Dual inhibition of EGFR, HER3 confers no survival benefit in metastatic colorectal cancer
The dual-action antibody directed against epidermal growth factor receptor (EGFR) and human epidermal growth factor receptor 3 (HER3), duligotuzumab, does not appear to provide survival advantage compared with cetuximab in patients with RAS exon 2/3 wild-type metastatic colorectal cancer (mCRC) treated with the FOLFIRI (folinic acid, fluorouracil and irinotecan) regimen, according to the results of a phase II trial.
A total of 134 mCRC patients (median age 62 years; 61 percent male) with KRAS exon 2 wild-type were randomized to receive either duligotuzumab (n=68) or cetuximab (n=66) with FOLFIRI until progression or intolerable toxicity. Researchers performed mutation and biomarker analysis on mandatory tumour samples, as well as efficacy analysis in patients with RAS exon 2/3 wild-type tumours.
Of the patients, 98 had RAS exon 2/3 wild-type tumour, with 53 in the duligotuzumab arm and 45 in the cetuximab arm.
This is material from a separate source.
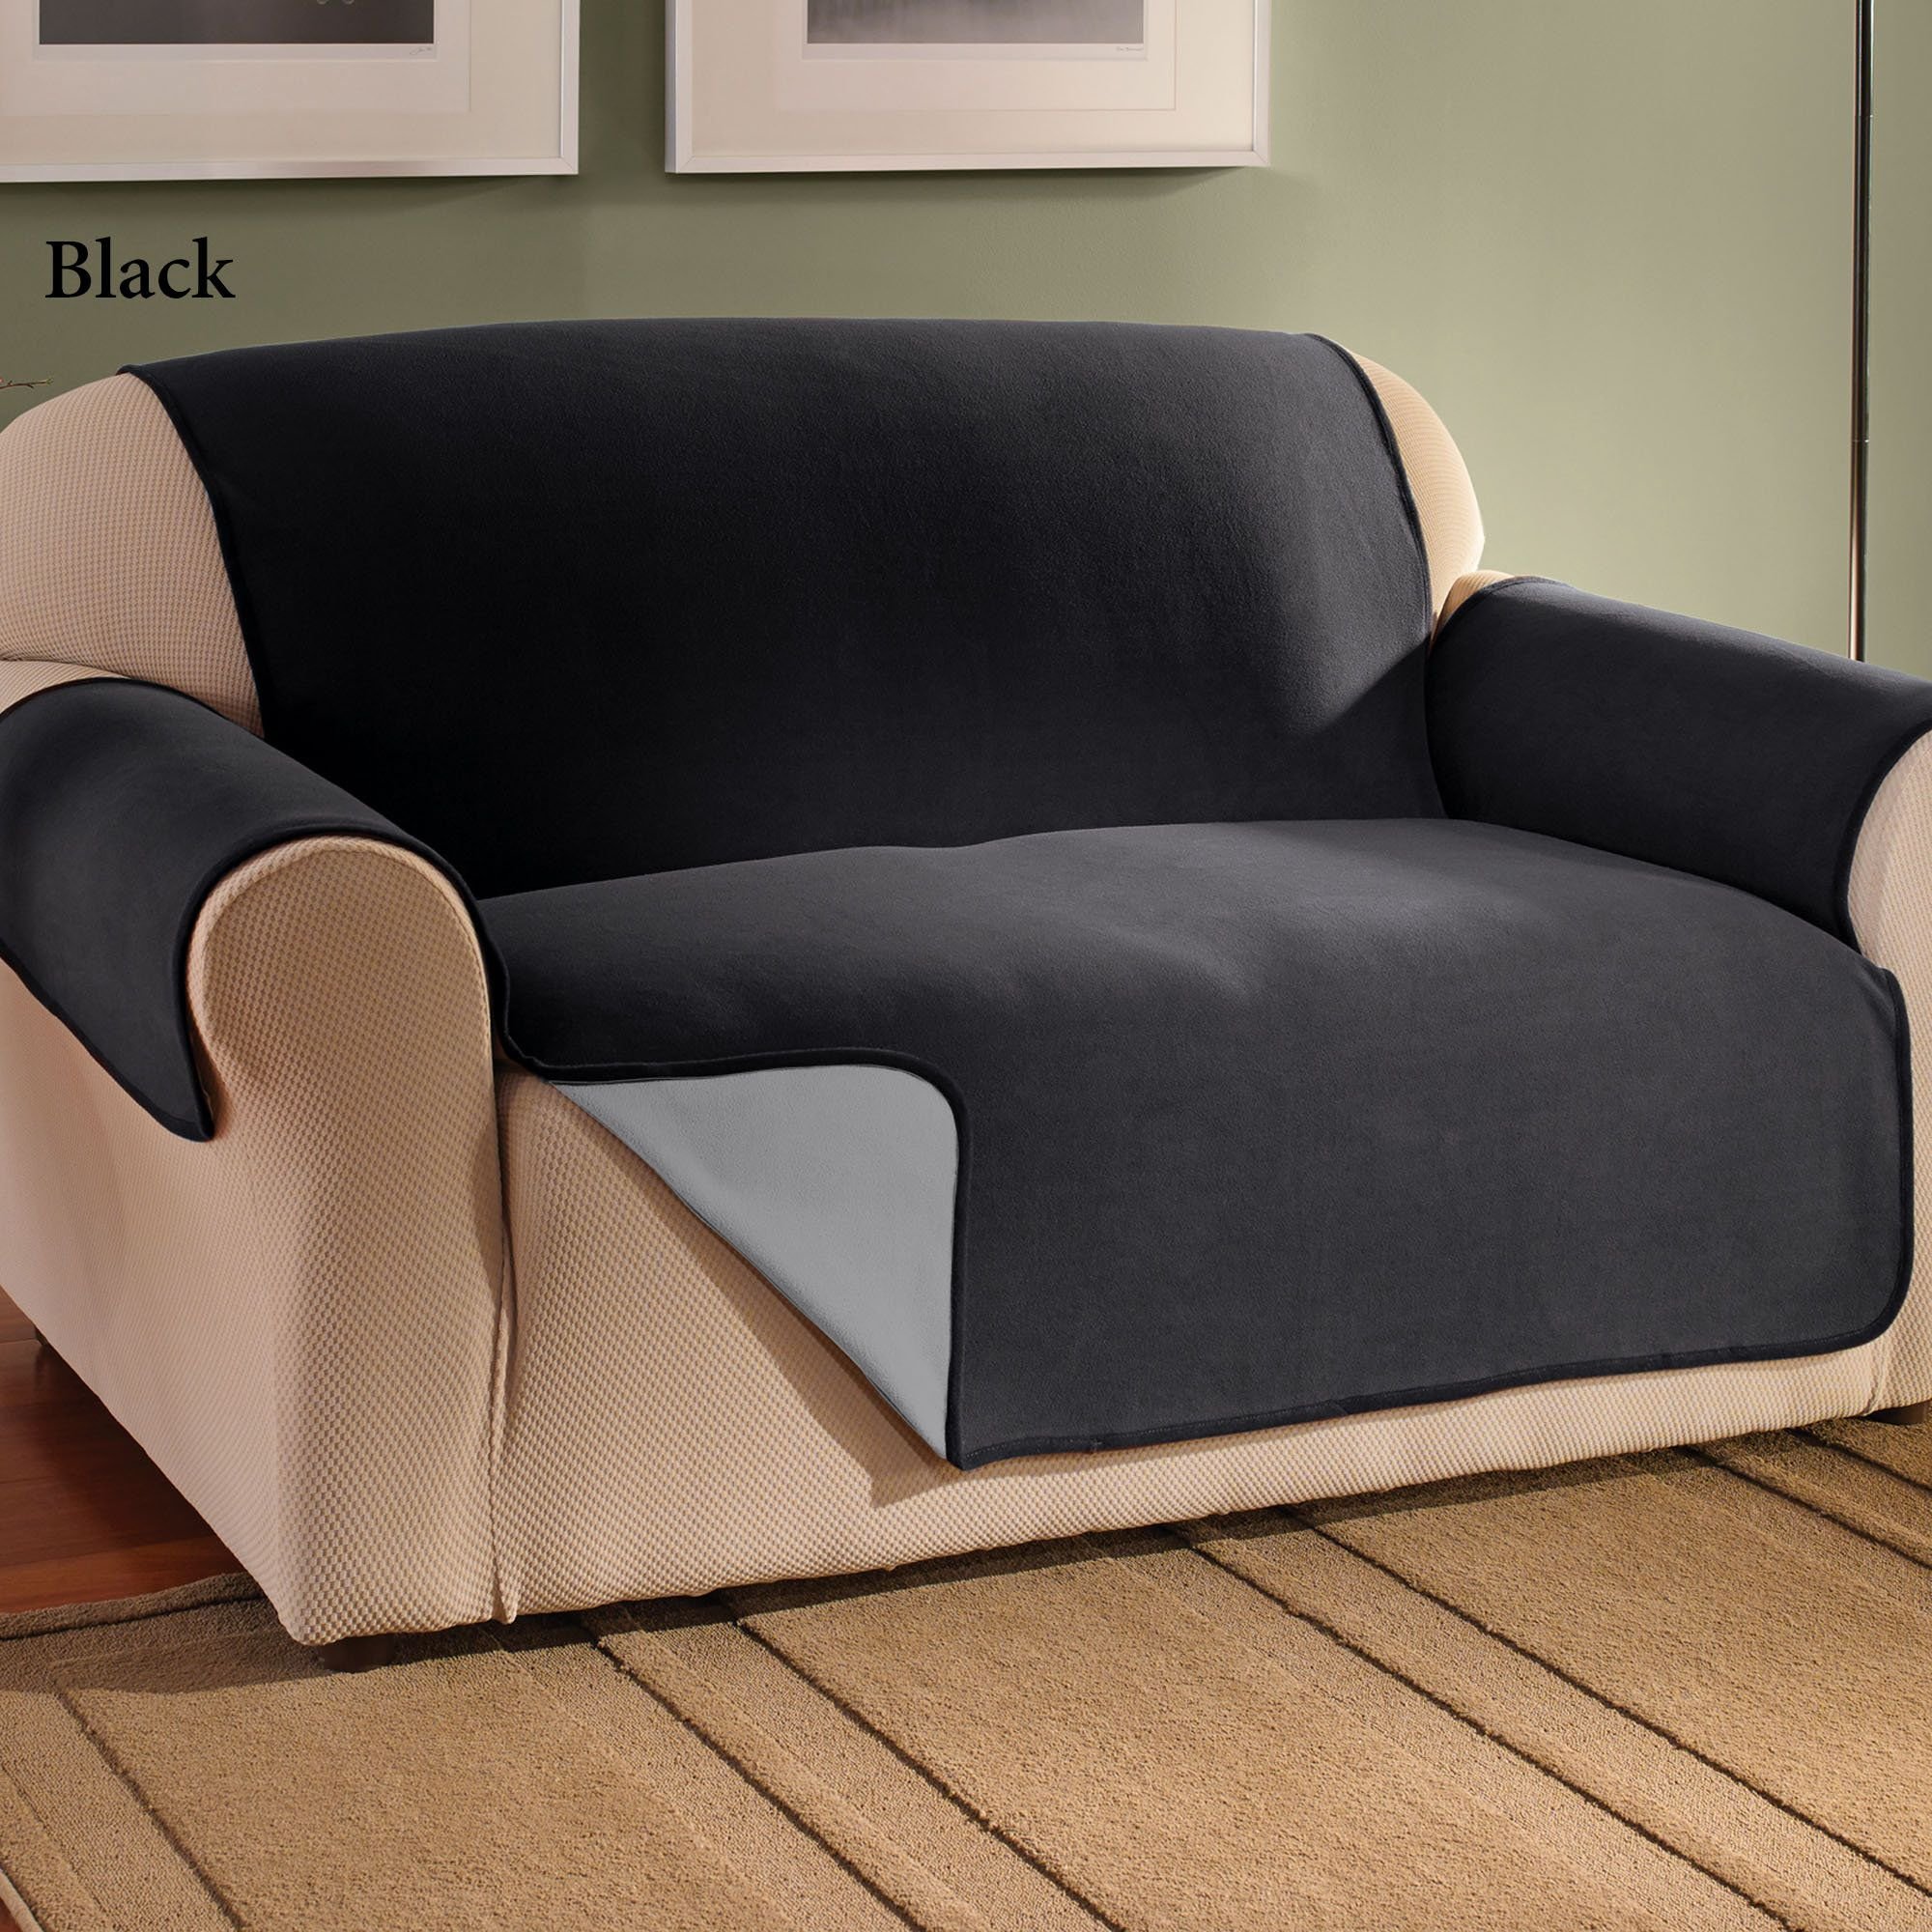 10 Sofa Covers Black Brilliant And Also Interesting
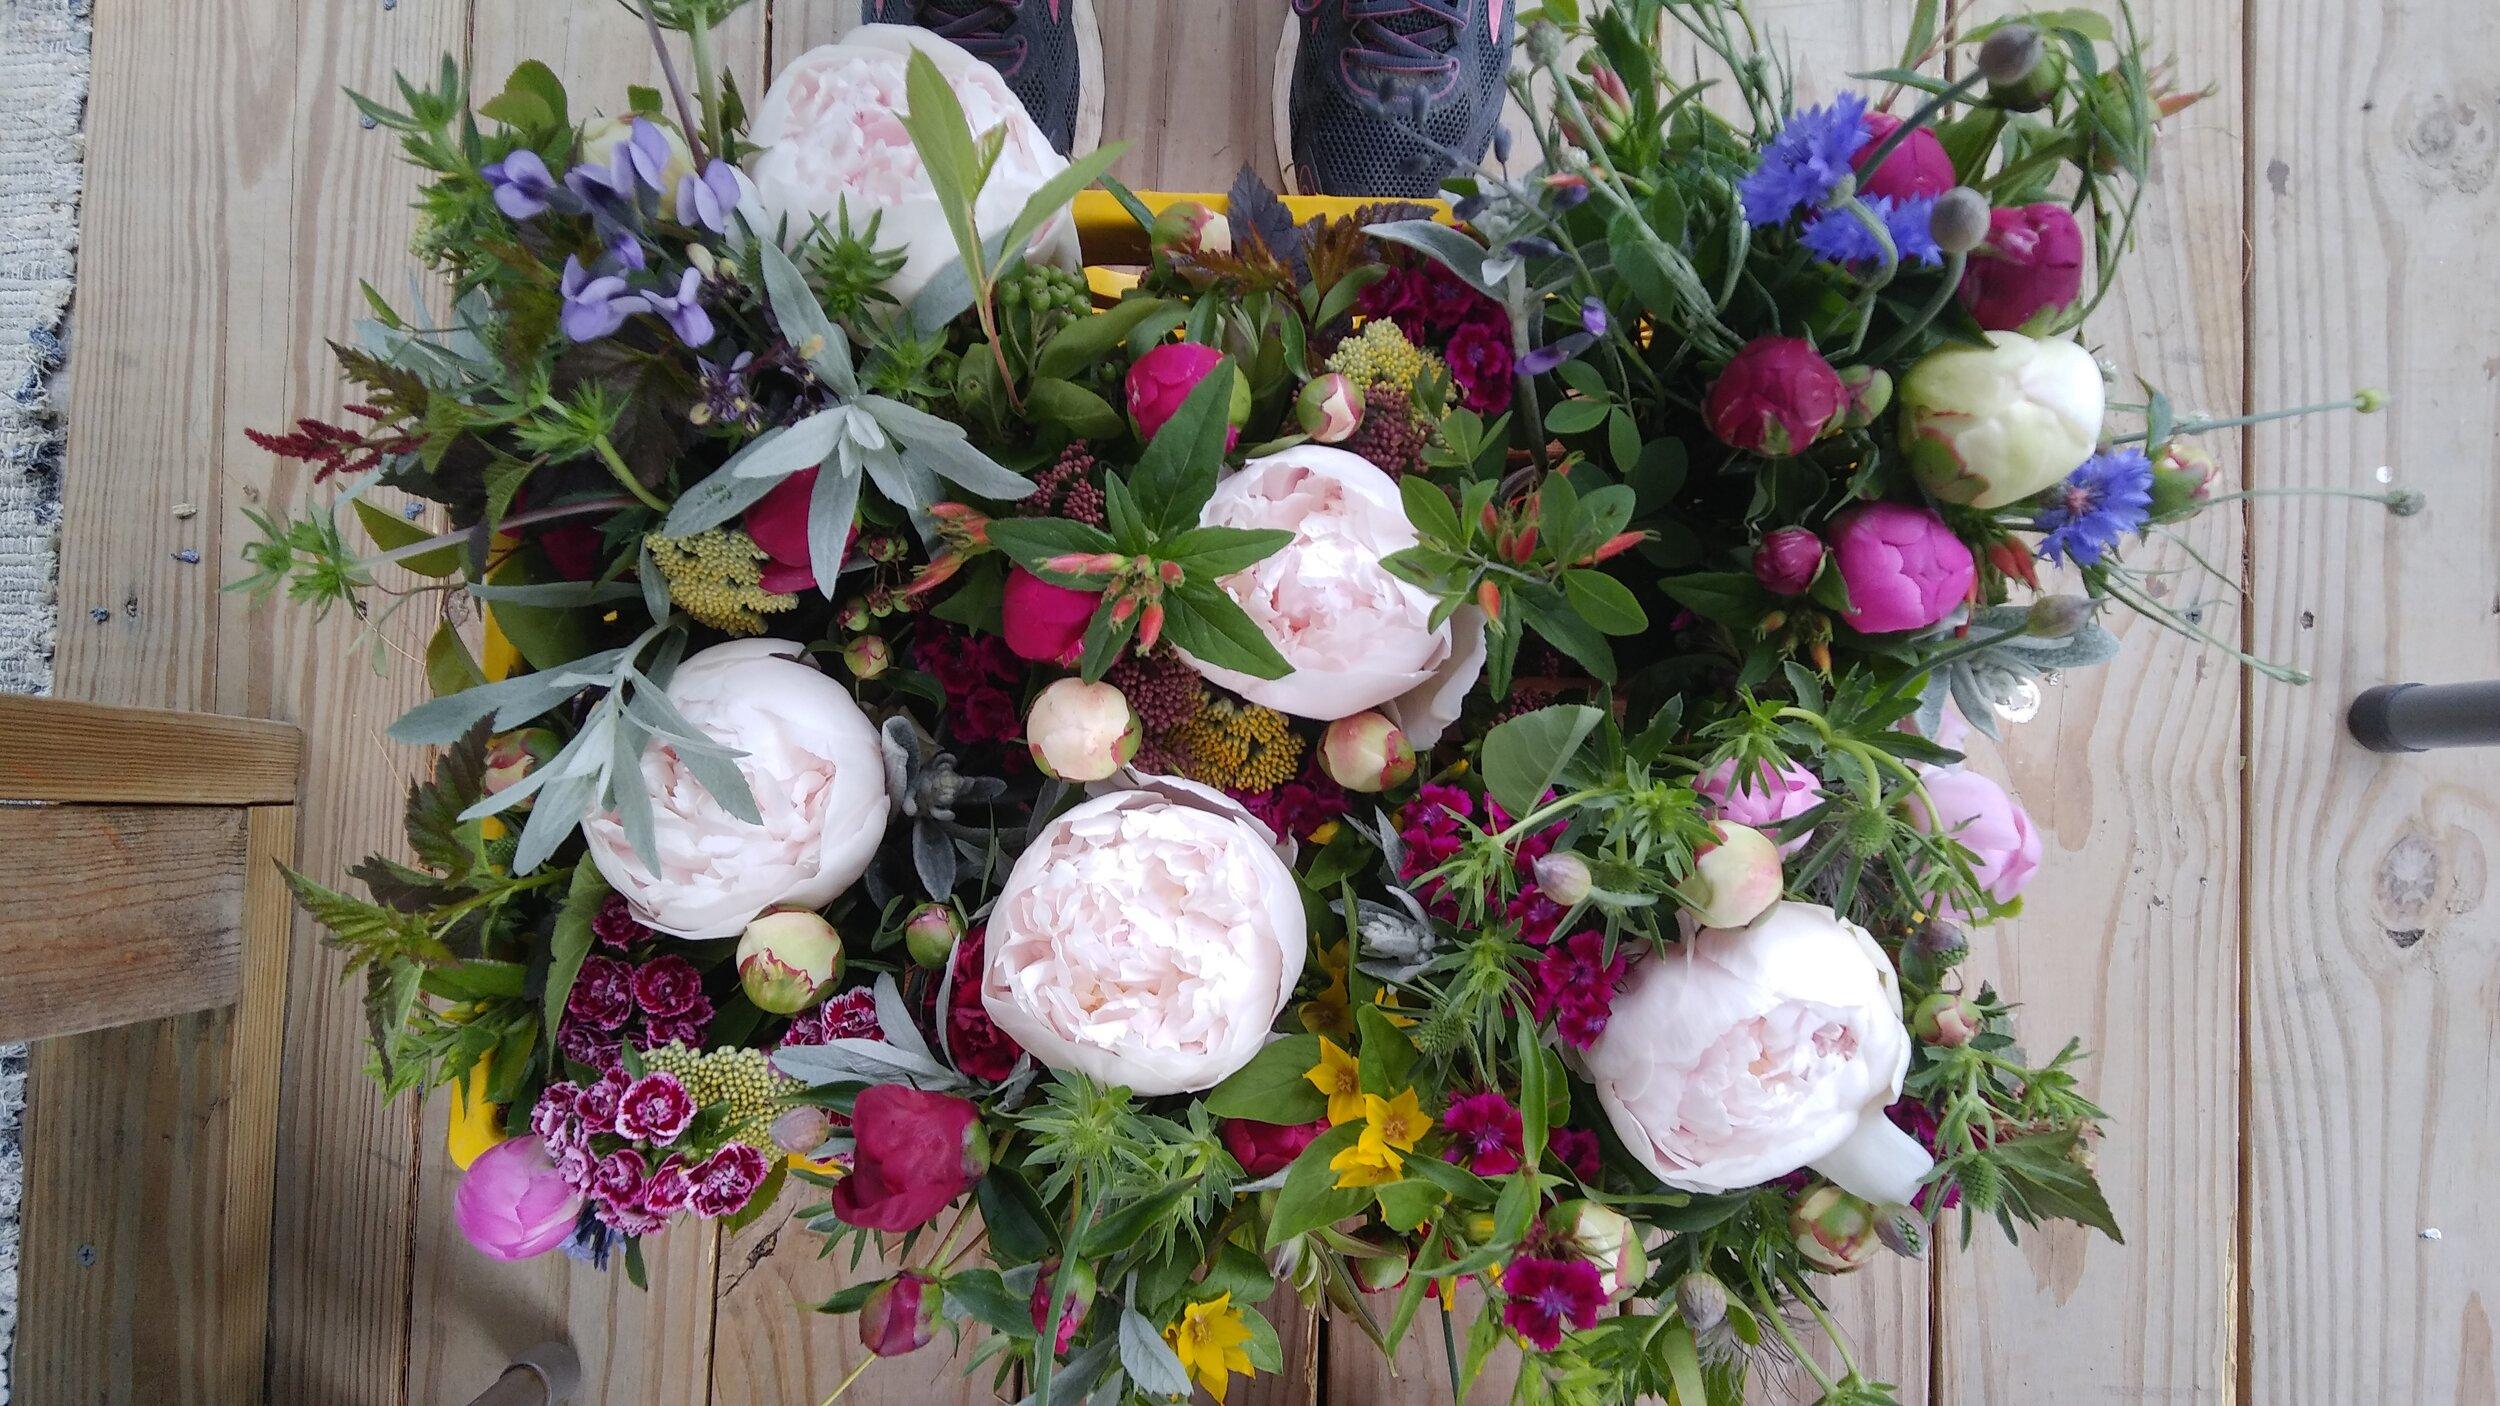 peony bouquet prep for night market.jpg

Efficacy data revealed that in the subgroup of patients with RAS wild-type tumours, duligotuzumab did not improve progression-free survival (median PFS, 7.3 vs 5.7 months; stratified hazard ratio [HR], 1.21; 90 percent CI, 0.81–1.81) or overall survival (median OS, 14.0 vs 13.1 months; stratified HR, 1.00; 0.61–1.66) compared with cetuximab. Moreover, a trend toward a lower objective response rate (ORR) was observed in the duligotuzumab arm (19 percent vs 33 percent; stratified HR, 0.47; 0.21–1.01).
There was no association observed between PFS or ORR and ERBB3, NRG1 or AREG expression. In terms of safety, duligotuzumab was associated with fewer skin rash events but more diarrhoea. Additionally, although the incidence of grade ≥3 adverse events (AEs) was similar between the two treatment arms, the frequency of serious AEs was higher with duligotuzumab.
Further development of duligotuzumab has been discontinued.